Aug 27 (Reuters) - Four Transamerica entities will pay $97.6 million to settle U.S. Securities and Exchange Commission charges that they sold investments that were supposedly based on quantitative models but which did not work as intended, the regulator said on Monday.
The settlement with the units of Netherlands-based Aegon NV includes a $36.3 million civil fine plus $61.3 million of disgorged sums and interest, all of which will be returned to investors.
It resolves claims against Aegon USA Investment Management LLC, Transamerica Asset Management Inc, Transamerica Capital Inc and Transamerica Financial Advisors Inc over 15 mutual funds, variable life investments, variable annuities and separately managed account strategies sold from July 2011 to June 2015.
The defendants did not admit or deny wrongdoing. Aegon has said it managed $982 billion of revenue-generating investments in 2017.
According to the SEC, the quantitative models had been developed by a junior analyst with no experience in portfolio management or formal training in financial modeling.
It said employees knew in advance of errors by the analyst, citing internal emails that said “we take the hit if he screws it up.”
The SEC said Transamerica stopped using the models upon finding numerous errors, but failed to tell investors.
Transamerica’s conduct subjected investors to “significant hidden risks and deprived them of the ability to make informed investment decisions,” said C. Dabney O’Riordan, co-chief of the SEC enforcement division’s asset management unit.
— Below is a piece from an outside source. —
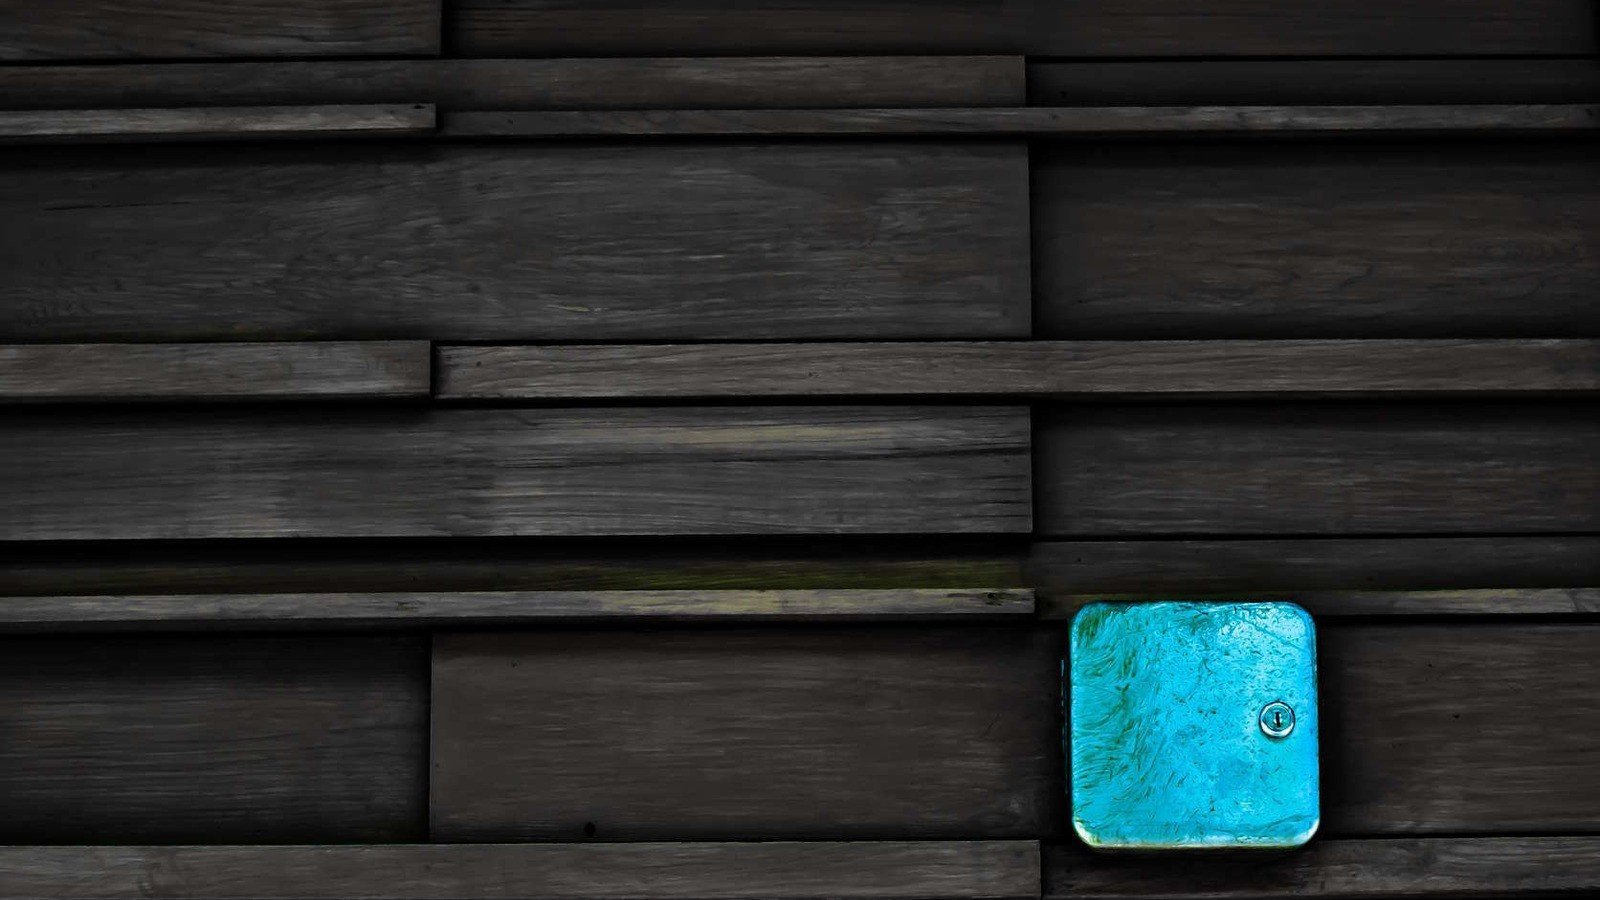 Wooden surface wallpaper: Tha hồ mà khám phá bộ sưu tập hình nền gỗ tự nhiên độc đáo của chúng tôi! Chất liệu và đường nét kết hợp tạo nên những hình ảnh tuyệt đẹp về mặt thẩm mỹ và tinh tế. Đặt làm hình nền cho thiết bị của bạn, bạn sẽ thấy khác biệt rõ rệt trong không gian sống và làm việc của mình.

Aegon spokesman Dick Schiethart said in a phone interview that the company reported the errors to the SEC and cooperated fully. The company set aside $100 million in the fourth quarter of 2017 for a settlement.
Bradley Beman, Aegon USA Investment Management’s former global chief investment officer, and Kevin Giles, its former director of new initiatives, were fined a respective $65,000 and $25,000 to settle related charges.